The NSA is believed to have strengthened DES by making its substitutions more resilient against differential cryptanalysis. Careful with with words like "clueless".
On this point I'm inclined to agree with Schneier: why inject backdoors into things, leaving fingerprints and betraying both opsec and tradecraft, when you can just sit back and watch the software companies build the backdoors for you? NSA has as much as come out and said this at keynote speeches already, but it seems pretty obvious from my vantage point.
"The NSA is believed to have strengthened DES"
No they didn't they cut the key size in half, and where can I find on a source that shows me that the s-box changes were intended to make DES stronger?
Alan Konheim (one of the designers of DES) commented, "We sent the S-boxes off to Washington. They came back and were all different."
[...]
Some of the suspicions about hidden weaknesses in the S-boxes were allayed in 1990, with the independent discovery and open publication by Eli Biham and Adi Shamir of differential cryptanalysis, a general method for breaking block ciphers. The S-boxes of DES were much more resistant to the attack than if they had been chosen at random, strongly suggesting that IBM knew about the technique back in the 1970s.
I'm done bickering about trivia, though. If you'd like the last word, as long as you don't say anything overtly stupid, I'm not going to respond. Happy holidays!
He's just pointing out that a big project will have bugs and he's right. That's not a matter of opinion. Not much fuzz testing has been done on OpenBSD since the early 2000s. When Theo did fuzz test back then, he found bugs. He claims to have found two just now while doing the audit in the crypto code. Code has bugs. Large projects have many bugs.
In the early 2000's I was still speaking to Theo, and I don't believe that during that time period he ever did systemic fuzz testing on OpenBSD. SPIKE wasn't even released until 2002.
Also: while we use fuzzers to probe for specific kinds of crypto flaws, the kind of fuzzing being done then (and for the most part today) does not identify crypto flaws.
We are, let's be clear, talking about a project that appears to have managed to ship IPSEC code that didn't verify packet authenticators for something like a year.

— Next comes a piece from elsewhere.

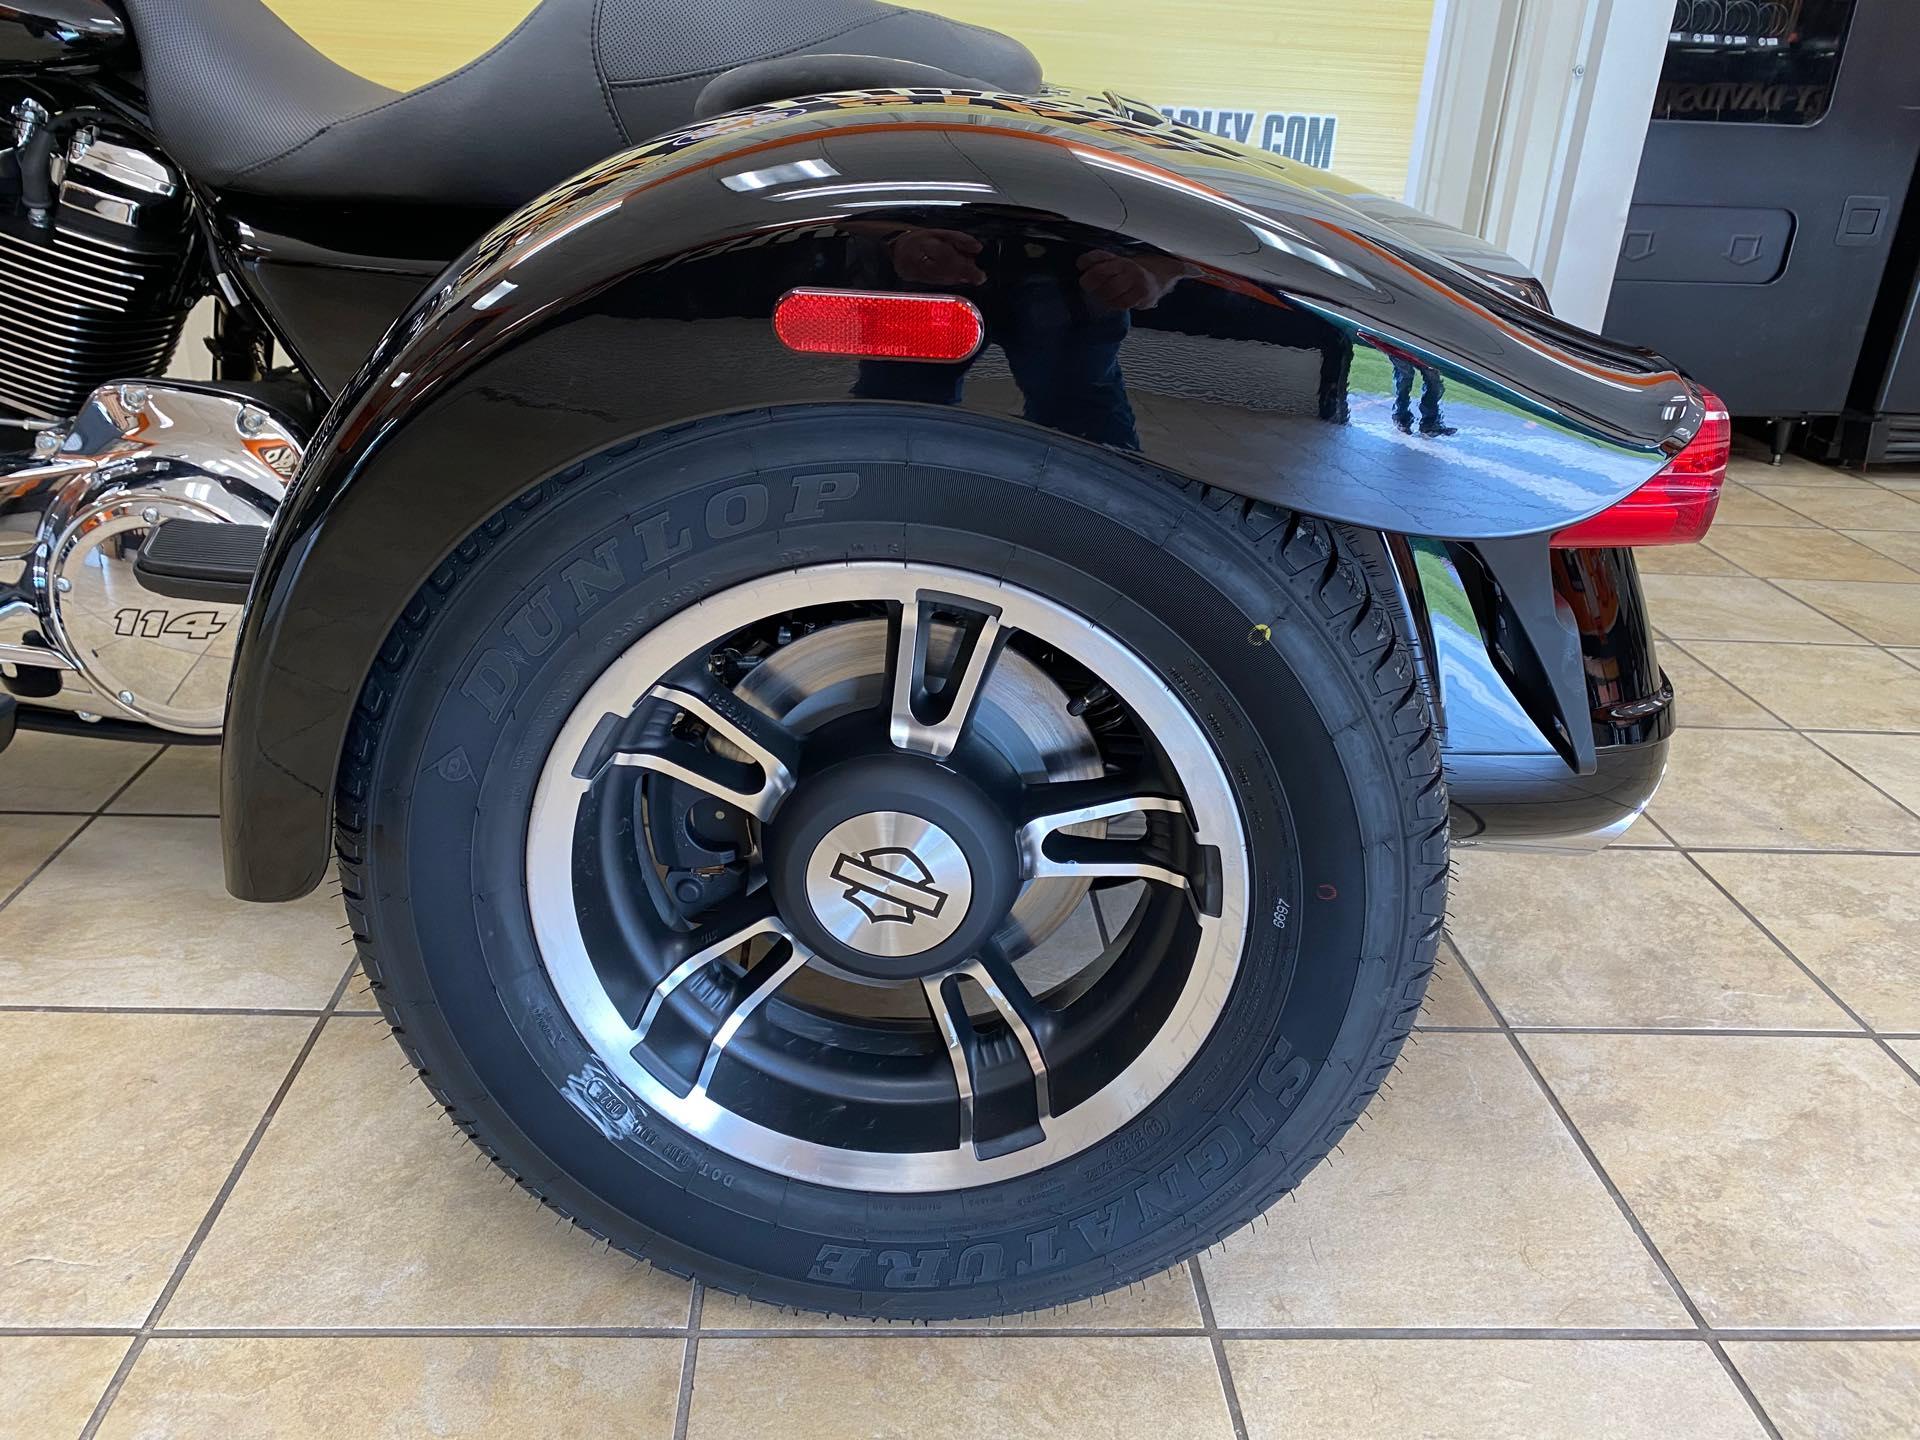 2021 Harley-Davidson Trike Freewheeler at Gold Star Harley-Davidson

Or pointing out how hard it would be to get a "bug" inserted into such a codebase. He's not saying that either endeavor is easy. His only point was that, given a budget of $X and an embarrassment cost of (abstract) $Y for getting caught attempting to degrade the security of OpenBSD [my interpretation of "risky"], spending those $X on the identification of existing exploits would be the more rational course of action.
Not sure about that, but if the FBI were conducting any investigations where they were able to exploit VPN traffic because of a hole in OpenBSD, it would show up in a trial somewhere (and if the prosecution do not present how they got the data, a defense can find out through discovery).